ACTIVITY. All lines below must be repeated exactly, with the pictures omitted.

THE DATA.
···
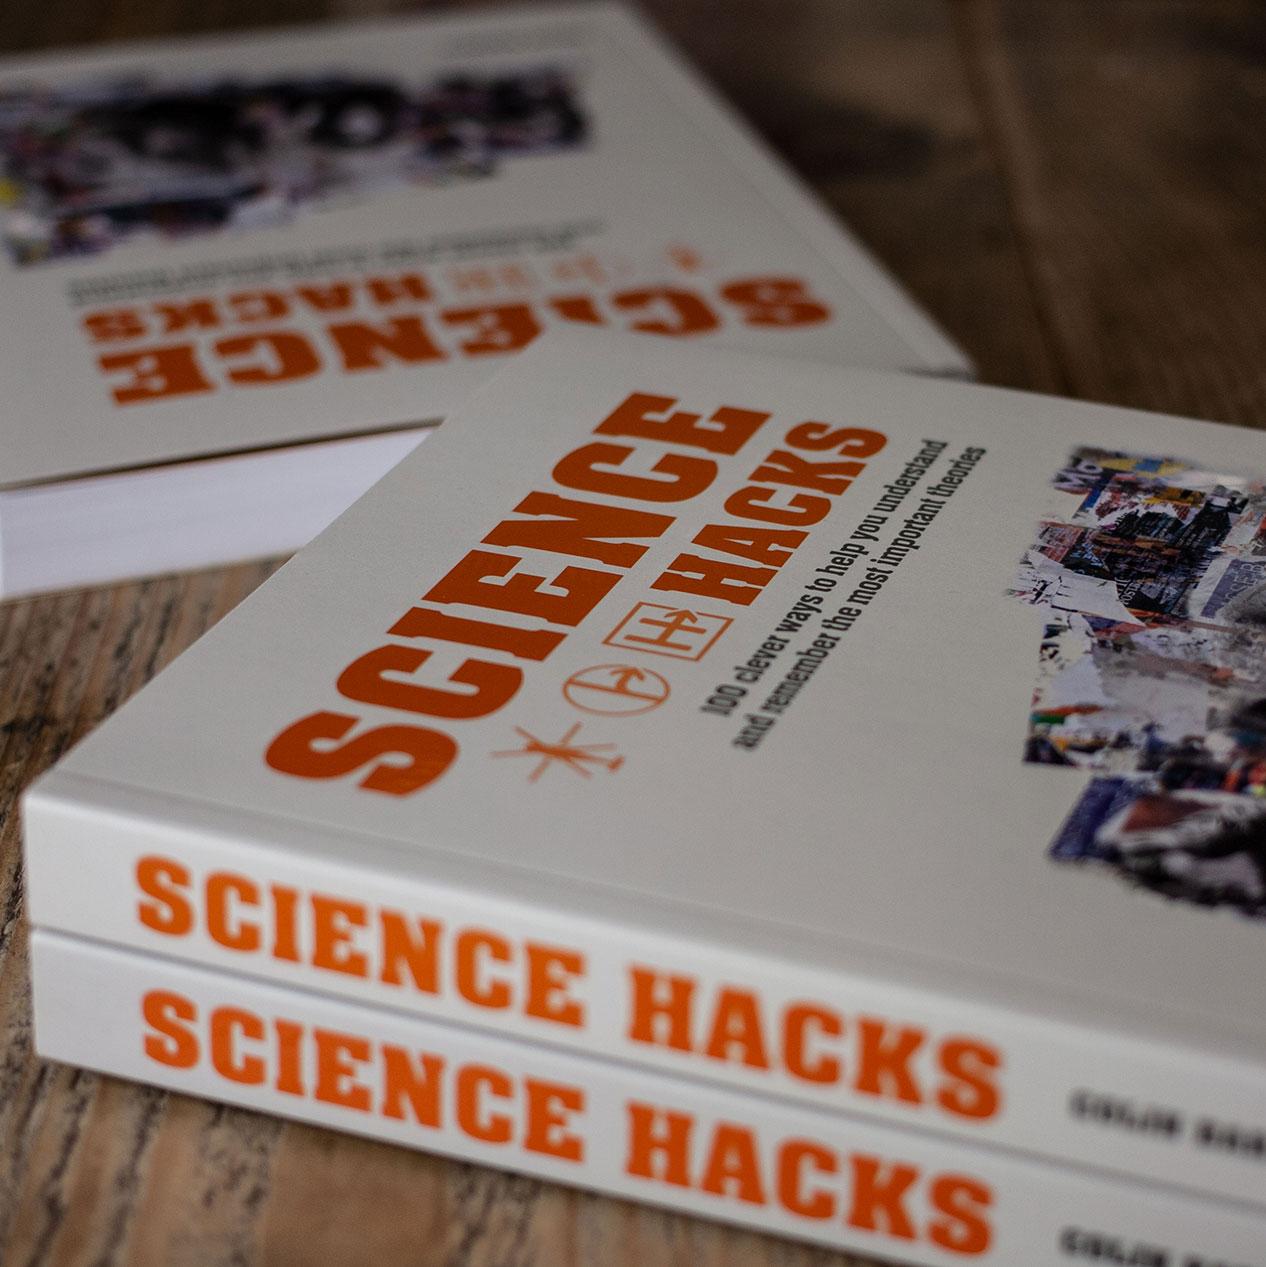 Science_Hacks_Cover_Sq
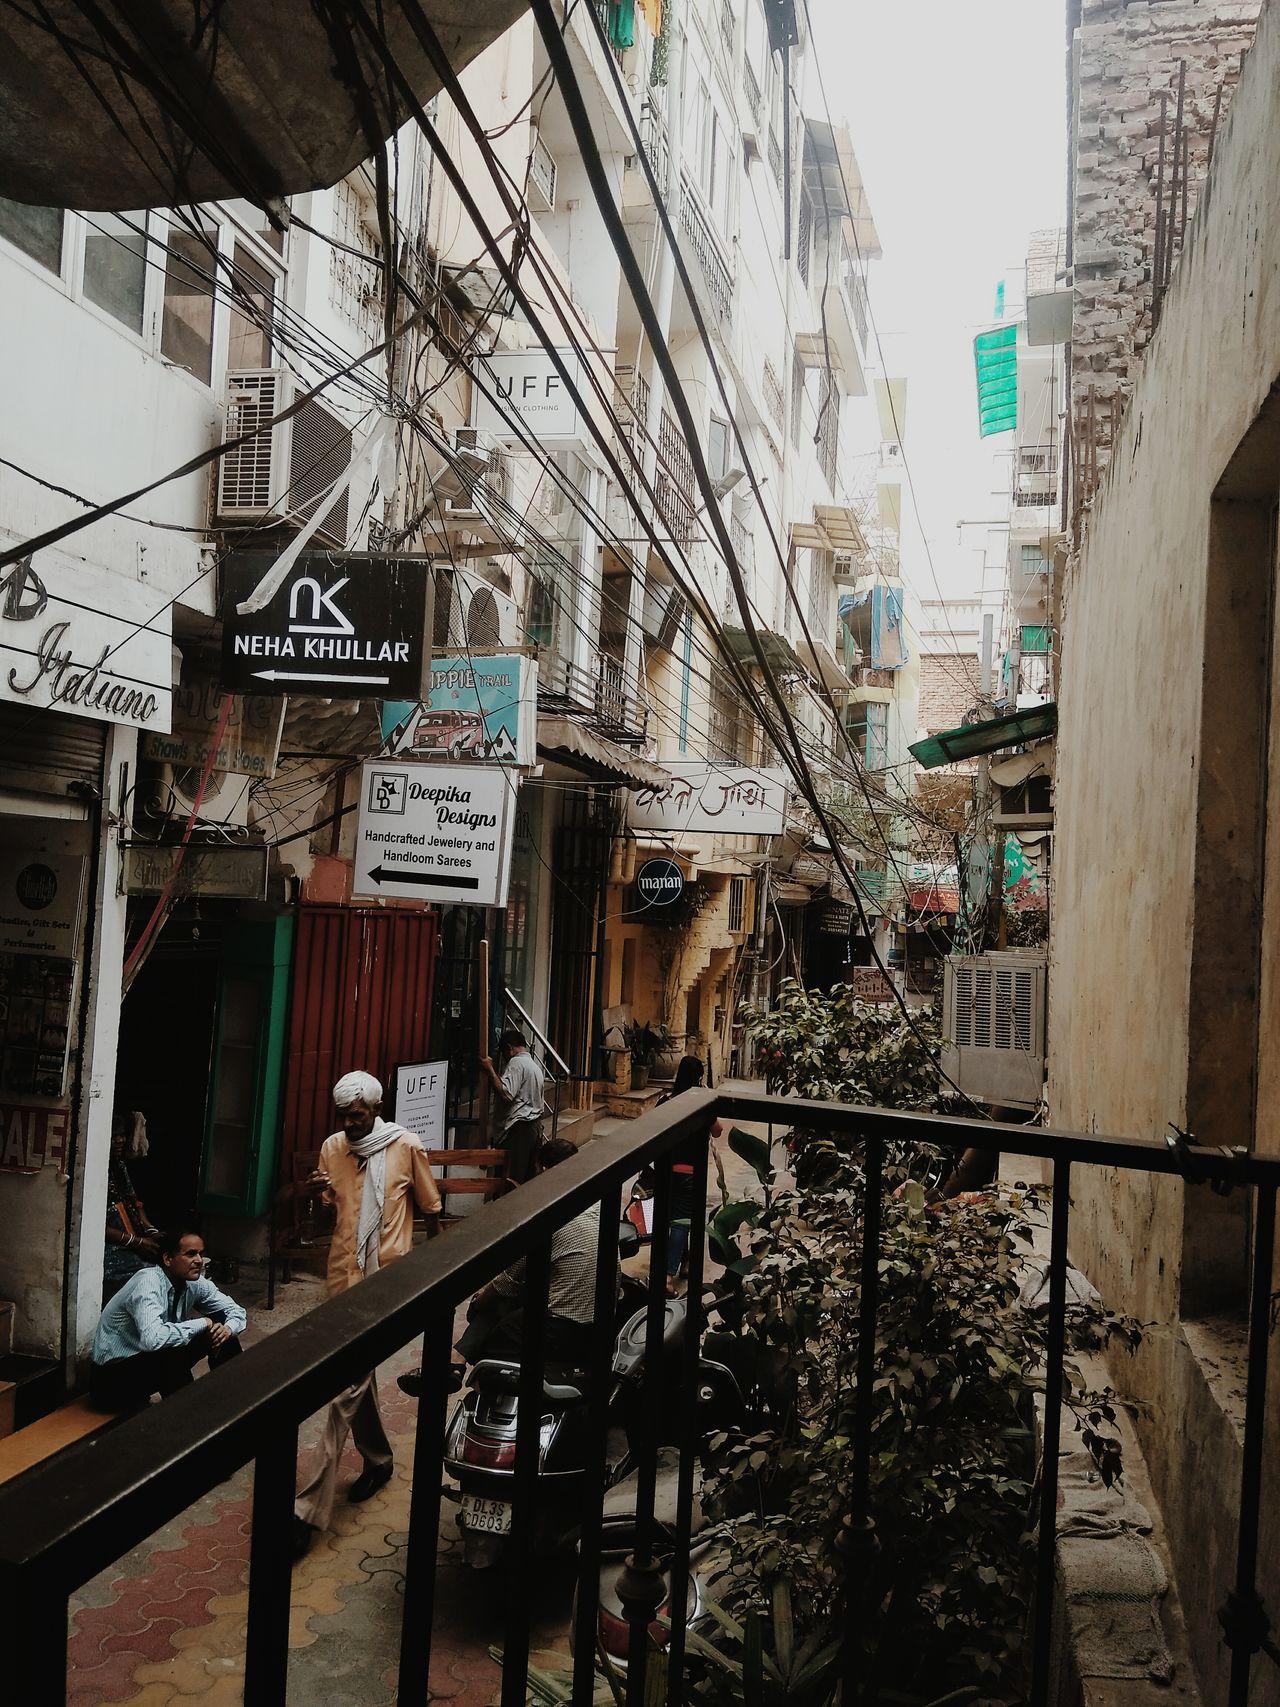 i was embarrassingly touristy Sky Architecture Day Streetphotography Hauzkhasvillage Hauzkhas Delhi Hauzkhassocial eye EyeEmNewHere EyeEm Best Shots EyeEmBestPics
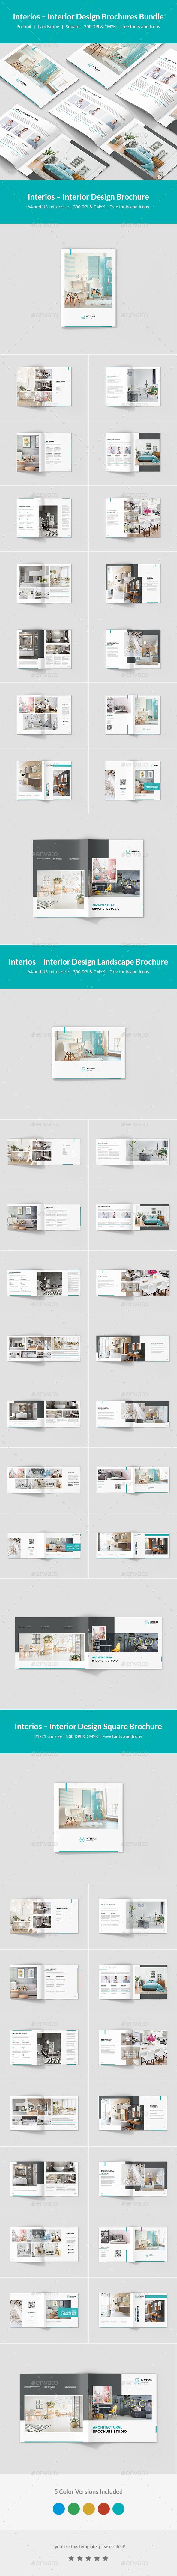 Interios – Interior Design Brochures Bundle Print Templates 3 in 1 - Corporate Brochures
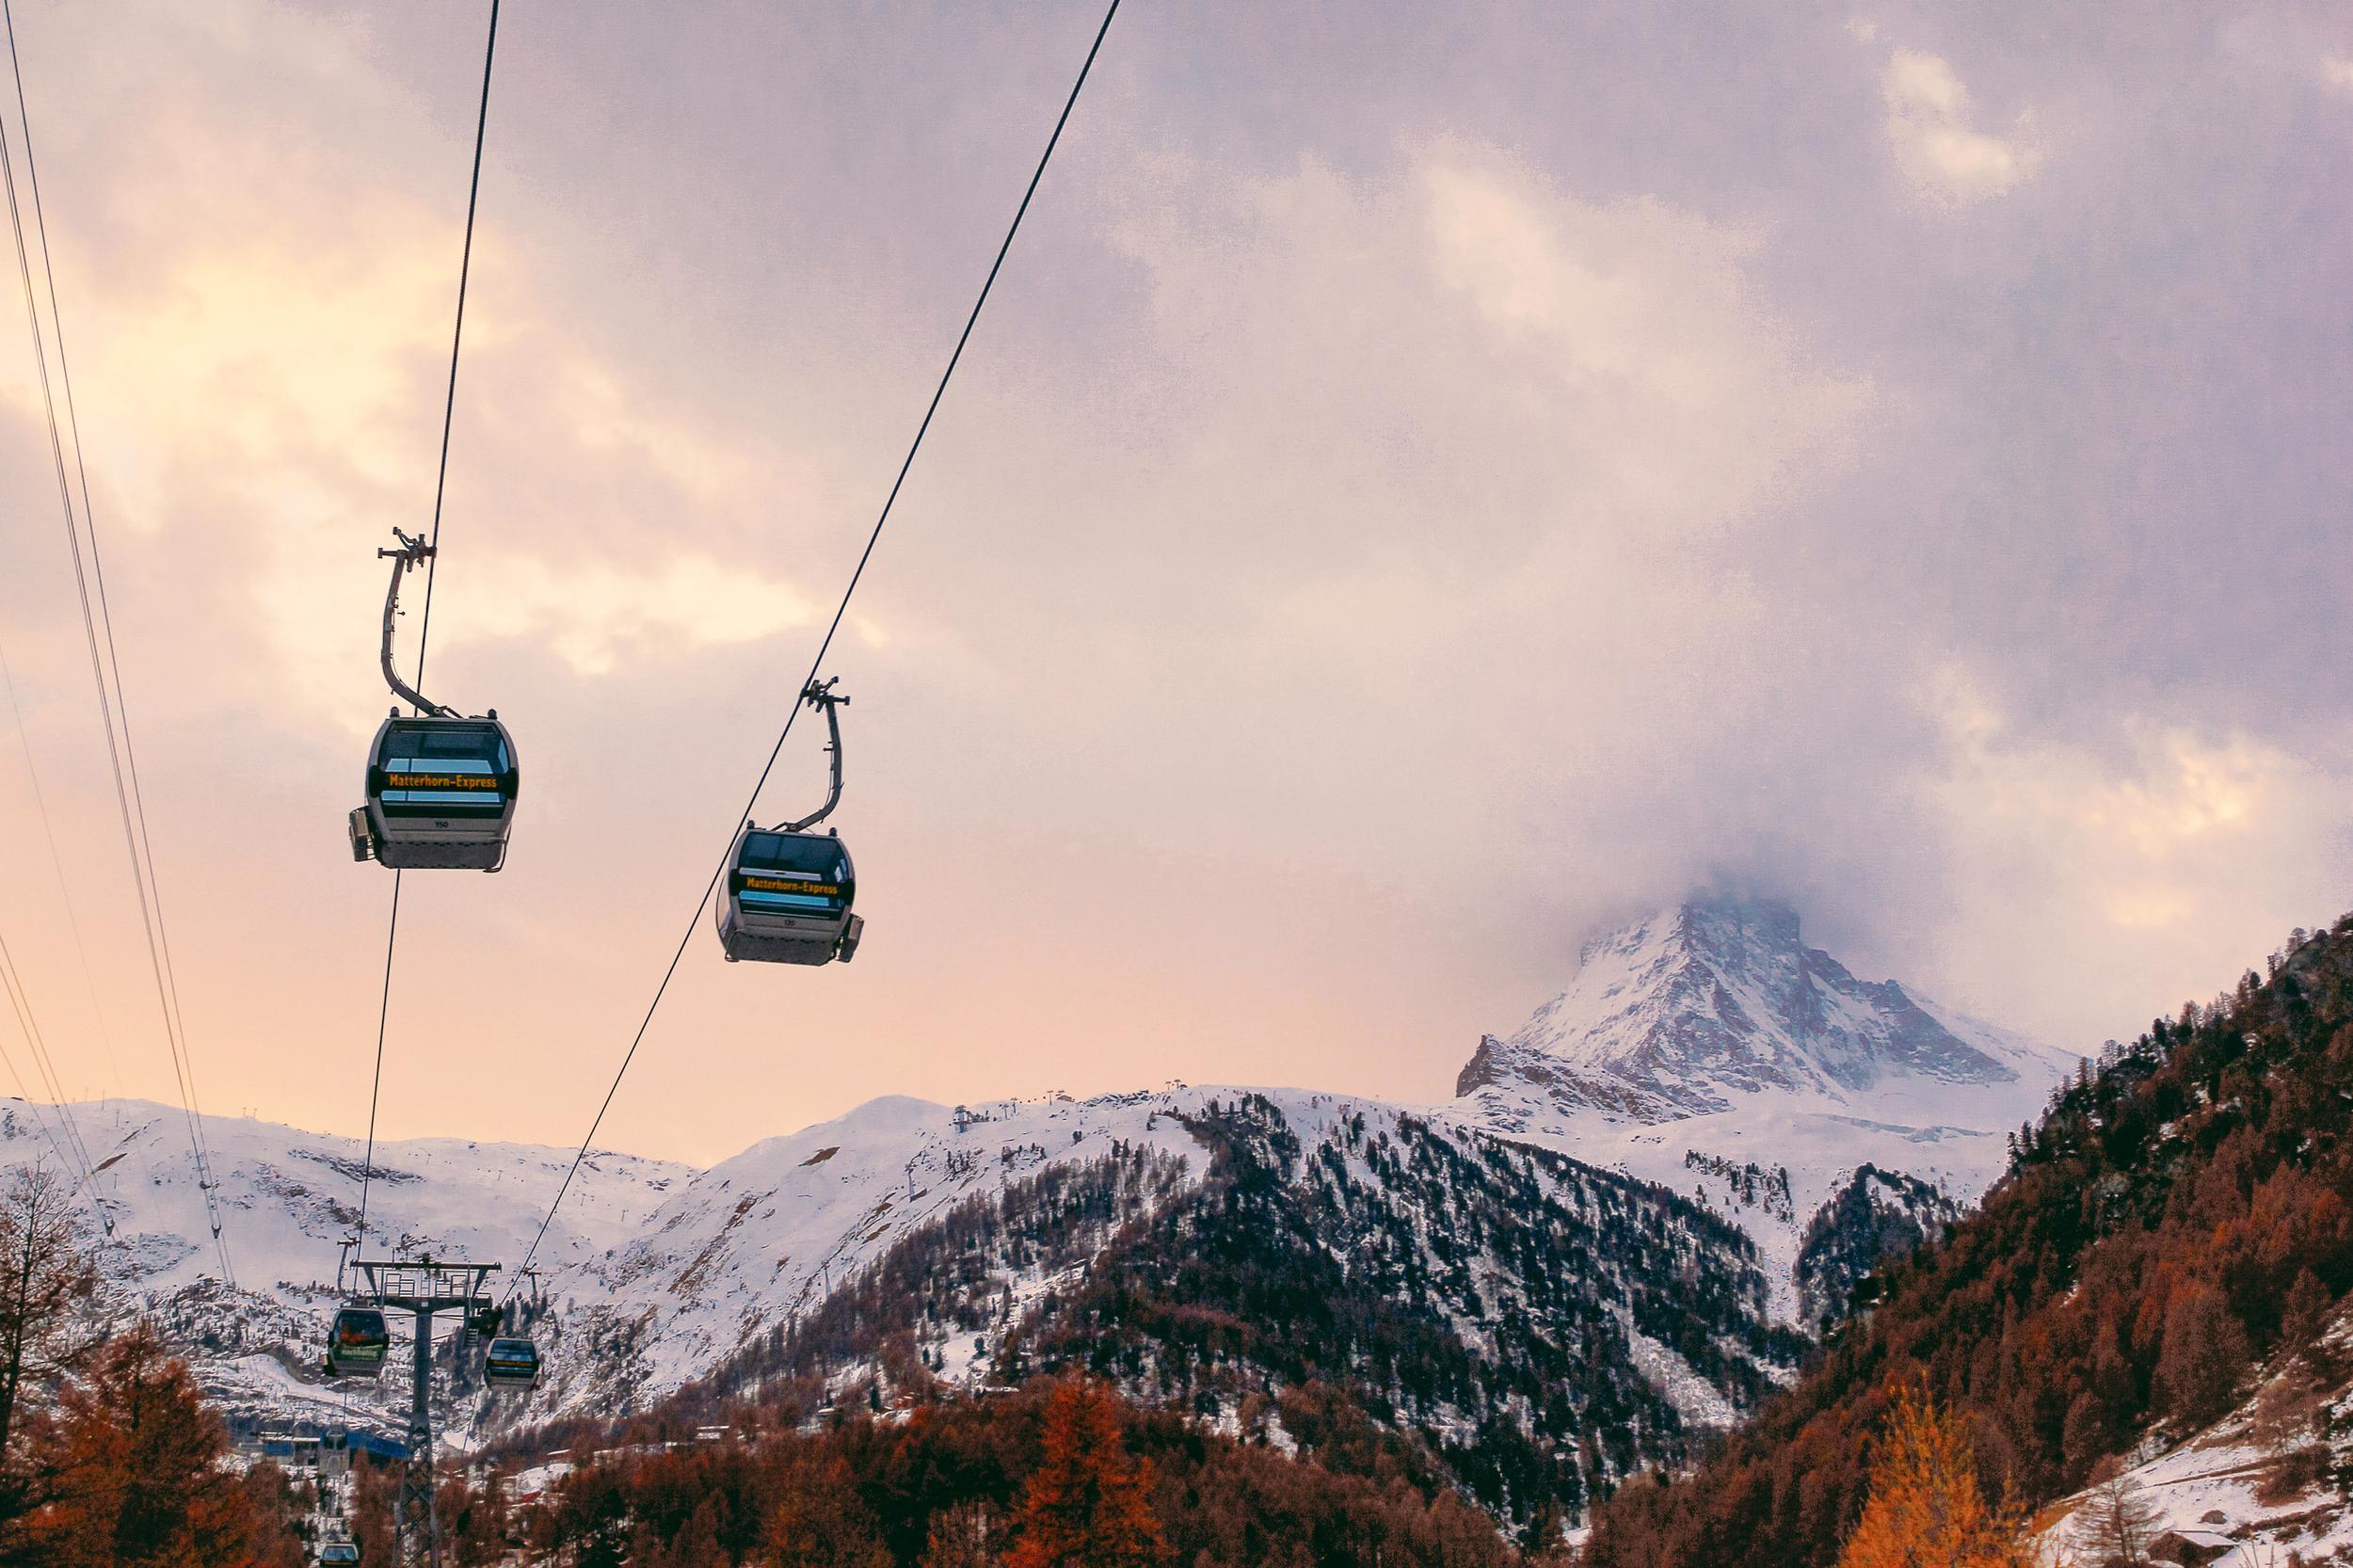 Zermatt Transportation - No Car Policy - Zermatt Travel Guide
···
EXERCISE SOLUTION.
 Science_Hacks_Cover_Sq
 i was embarrassingly touristy Sky Architecture Day Streetphotography Hauzkhasvillage Hauzkhas Delhi Hauzkhassocial eye EyeEmNewHere EyeEm Best Shots EyeEmBestPics
 Interios – Interior Design Brochures Bundle Print Templates 3 in 1 - Corporate Brochures
 Zermatt Transportation - No Car Policy - Zermatt Travel Guide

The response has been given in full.